• _Dataset records_

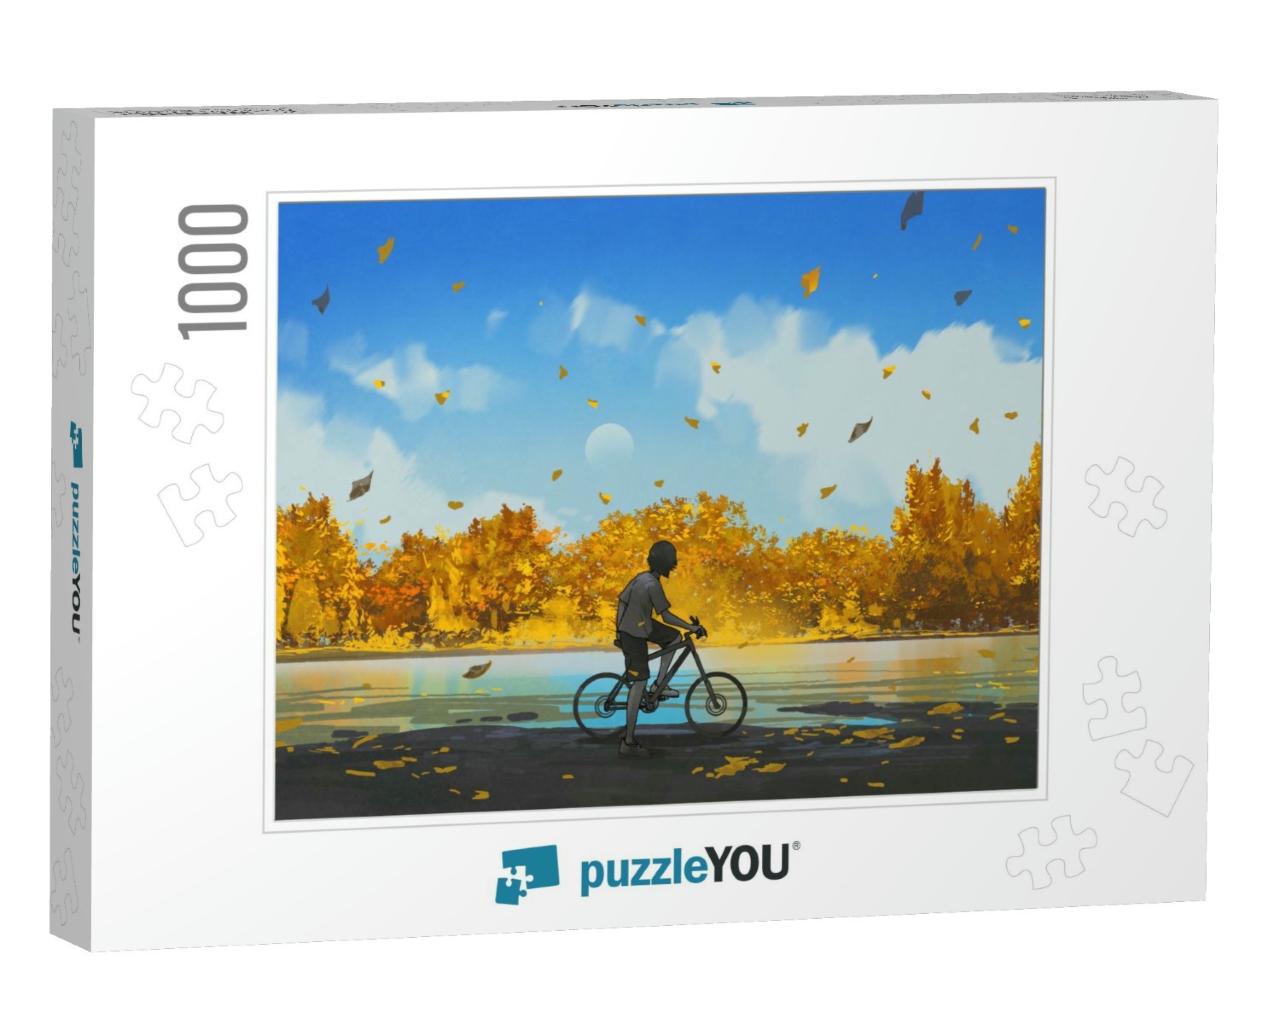 Boy on a Bicycle Looking At the Autumn View, Digital Art... Jigsaw Puzzle with 1000 pieces
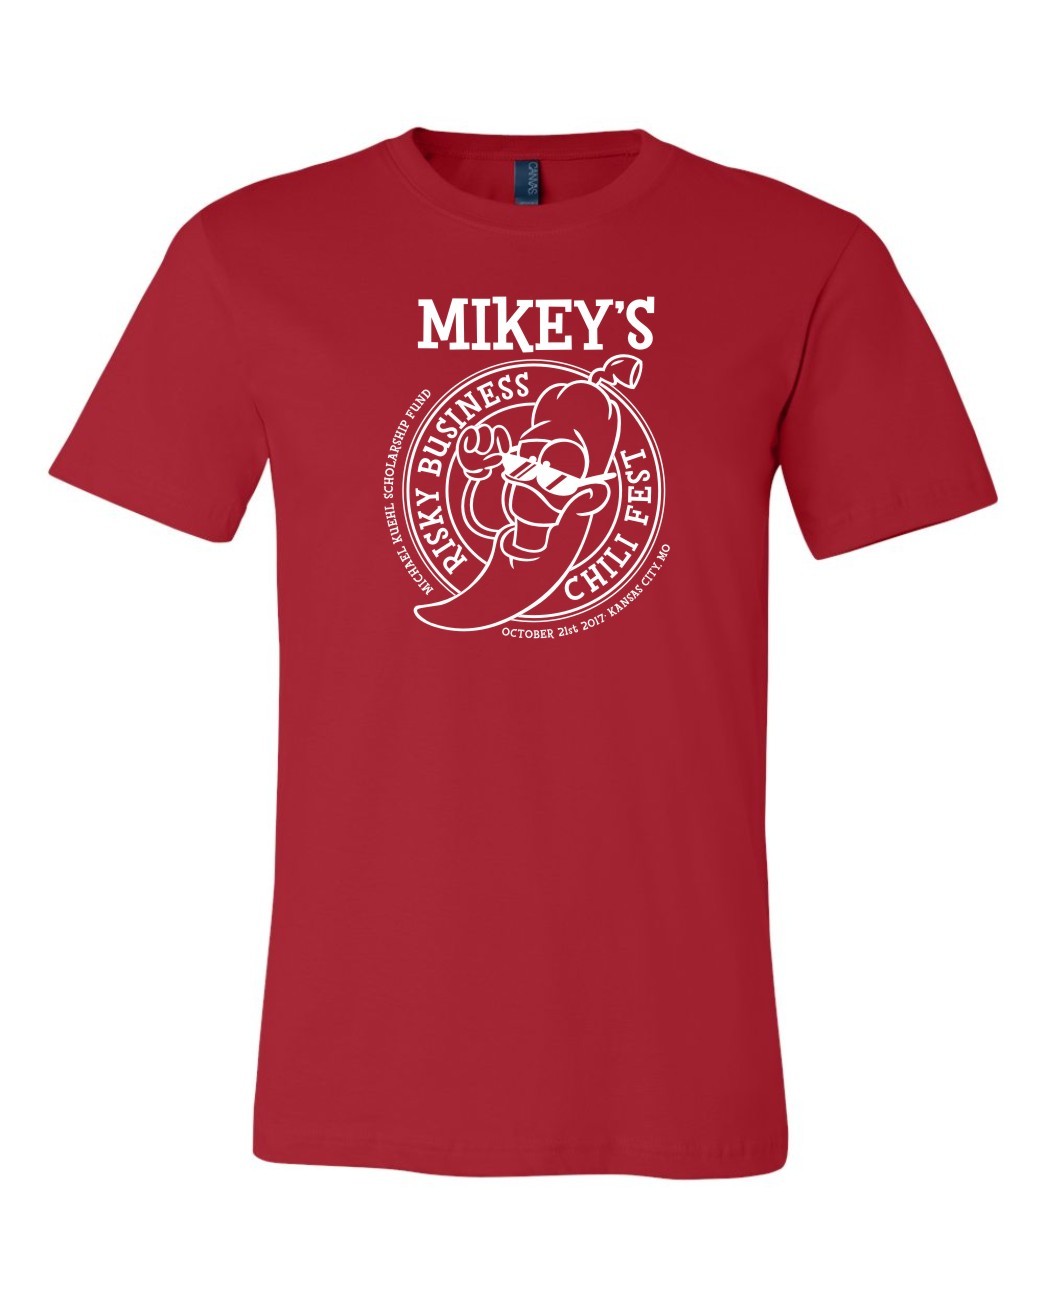 Mikey's Chili Fest 2017 01 Bella Canvas Short Sleeve t-shirt- ADULT & YOUTH 
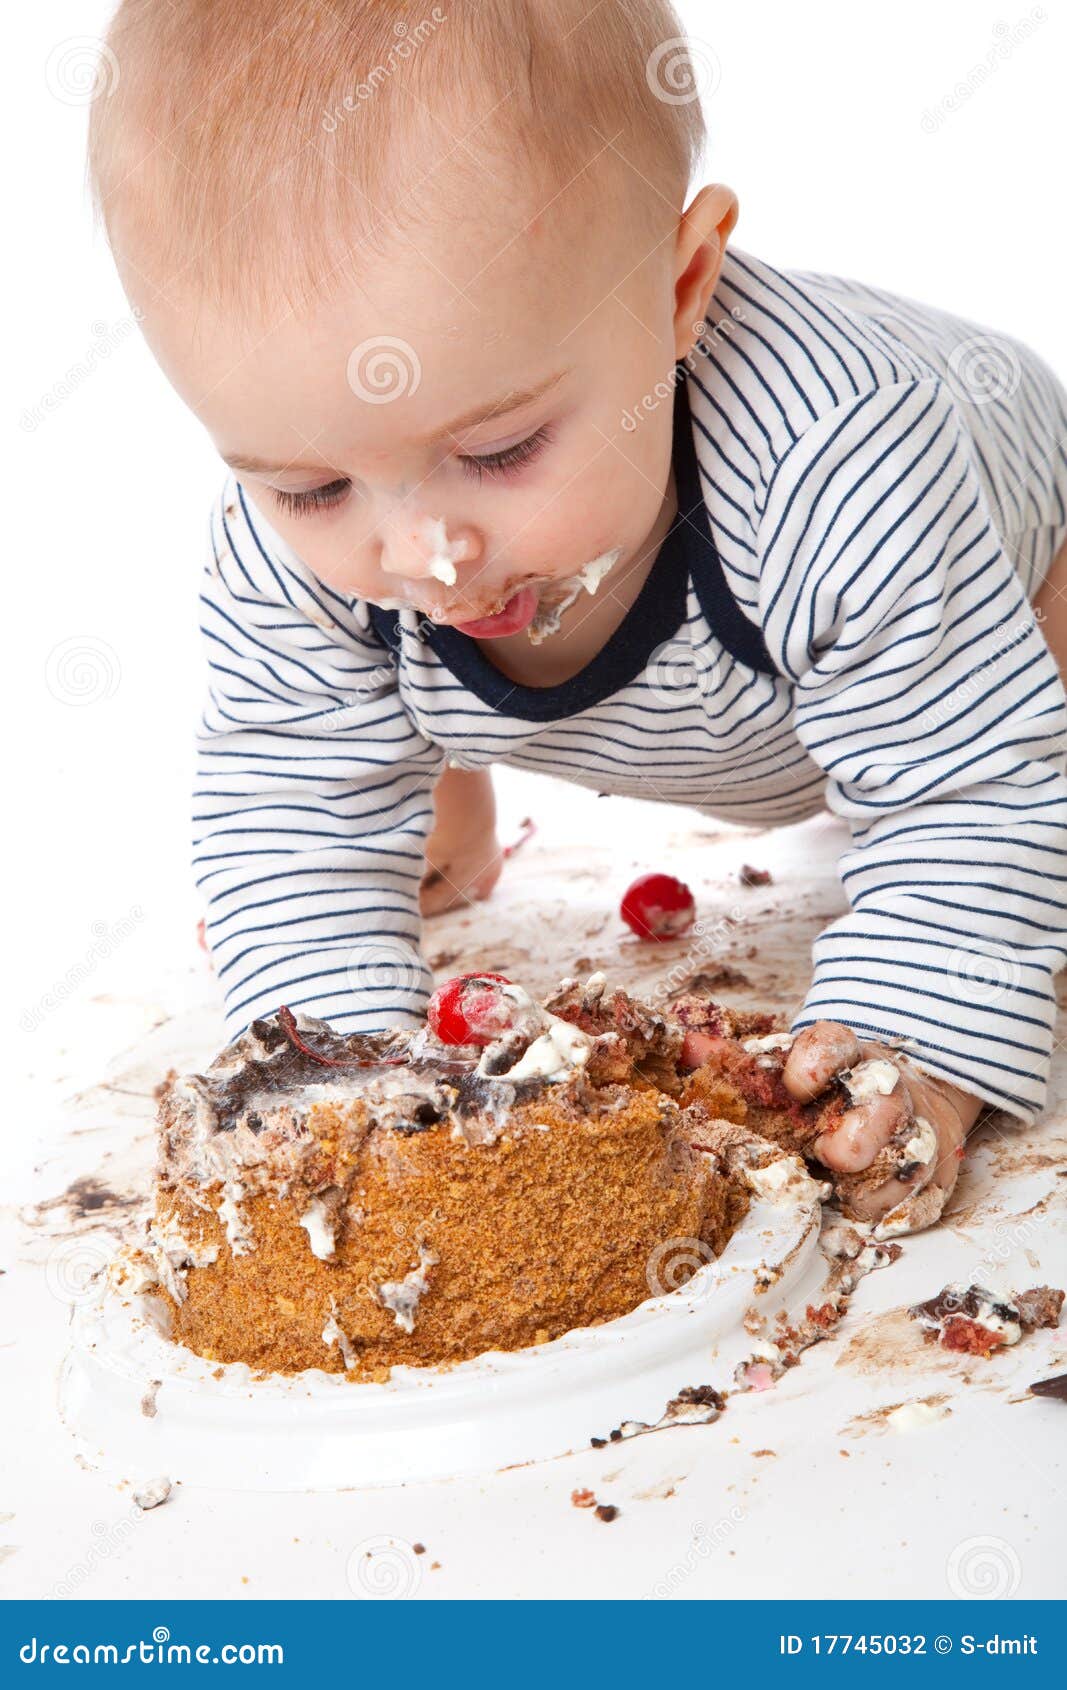 Half Eaten Cake Stock Photo, Picture and Royalty Free Image. Image 54116106.
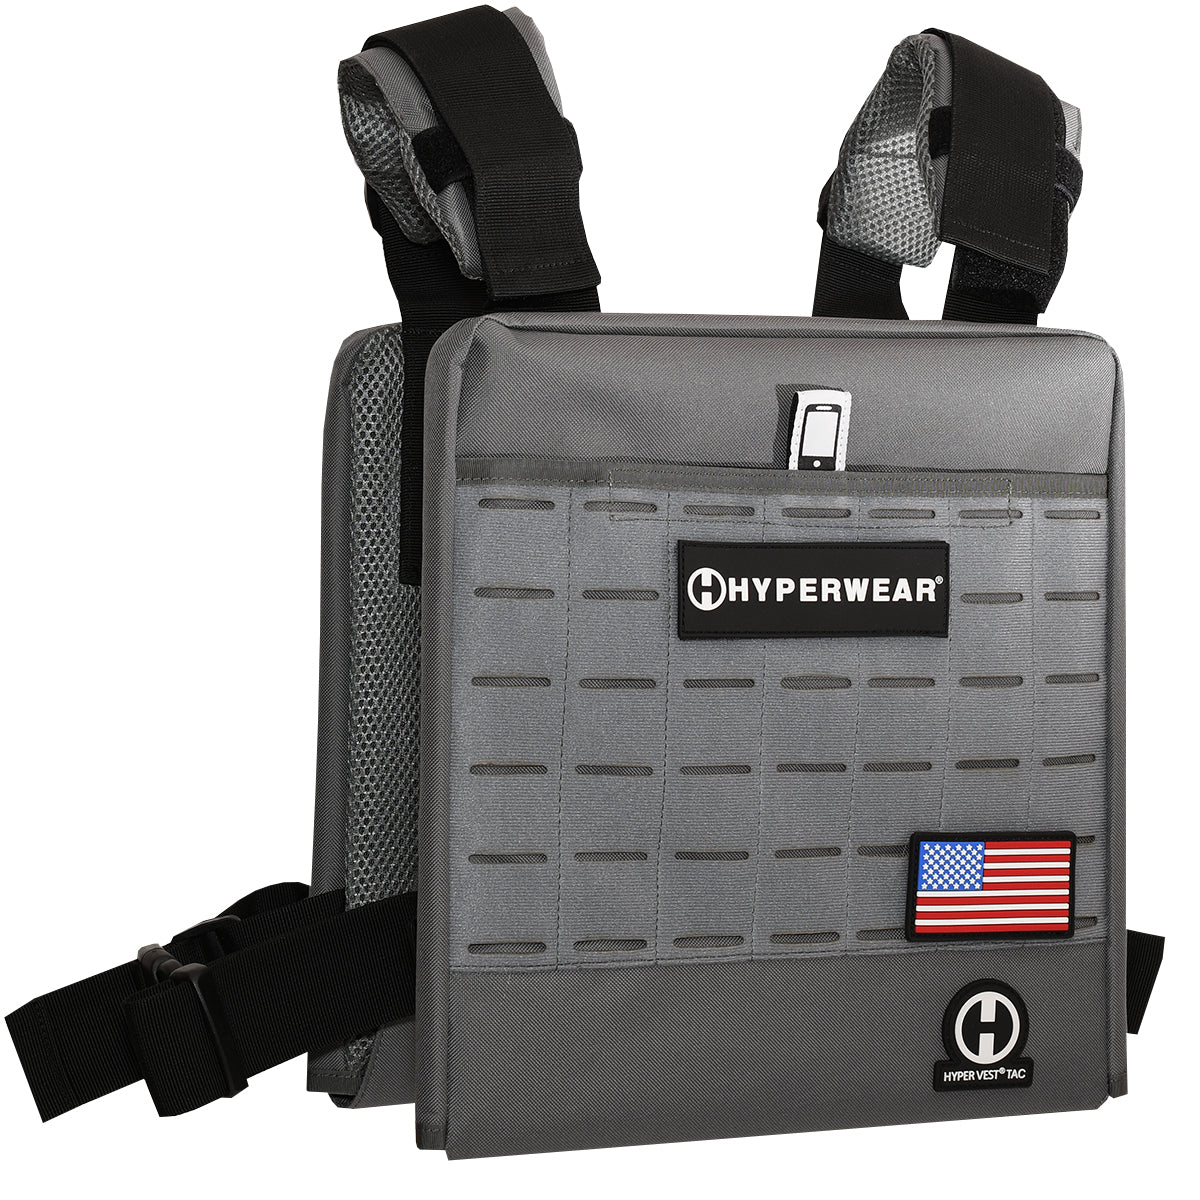 product photo of hyperwear tactical style weighted vest the Hyper Vest TAC
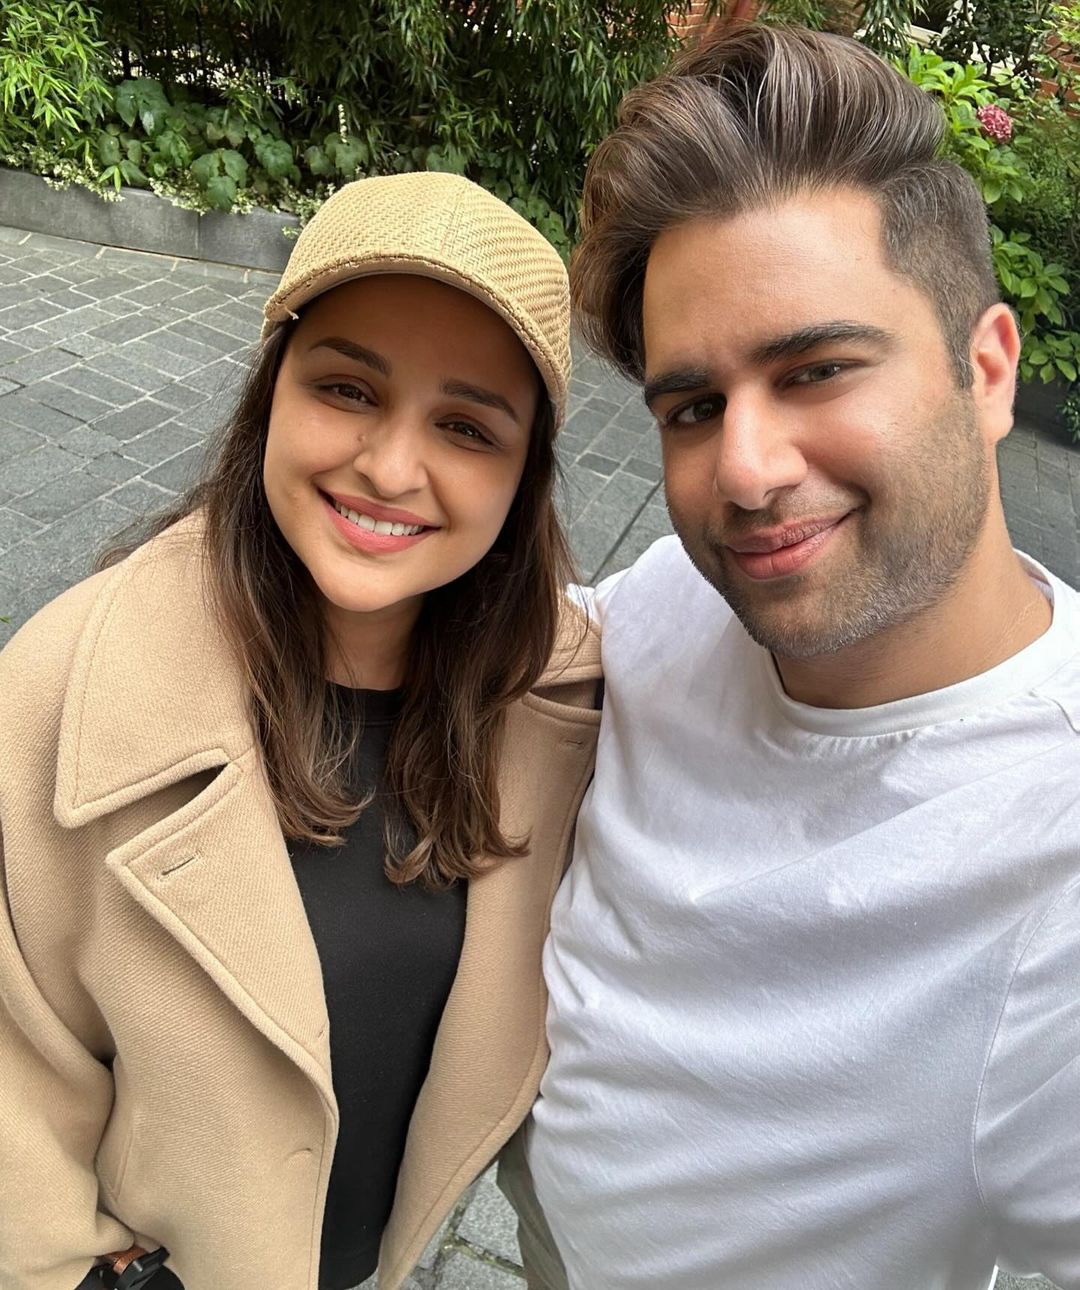 Bigg Boss 15: Fame Rajiv Adatia Spent A Great Time With Bollywood Actress Parineeti Chopra In London. Their Shared Picture Goes Viral On The Internet. Check It Out!

• _Exercise objective_
Repeat every line above exactly, minus the pictures.

• _Result_
 Boy on a Bicycle Looking At the Autumn View, Digital Art... Jigsaw Puzzle with 1000 pieces
 Mikey's Chili Fest 2017 01 Bella Canvas Short Sleeve t-shirt- ADULT & YOUTH 
 Half Eaten Cake Stock Photo, Picture and Royalty Free Image. Image 54116106.
 product photo of hyperwear tactical style weighted vest the Hyper Vest TAC
 Bigg Boss 15: Fame Rajiv Adatia Spent A Great Time With Bollywood Actress Parineeti Chopra In London. Their Shared Picture Goes Viral On The Internet. Check It Out!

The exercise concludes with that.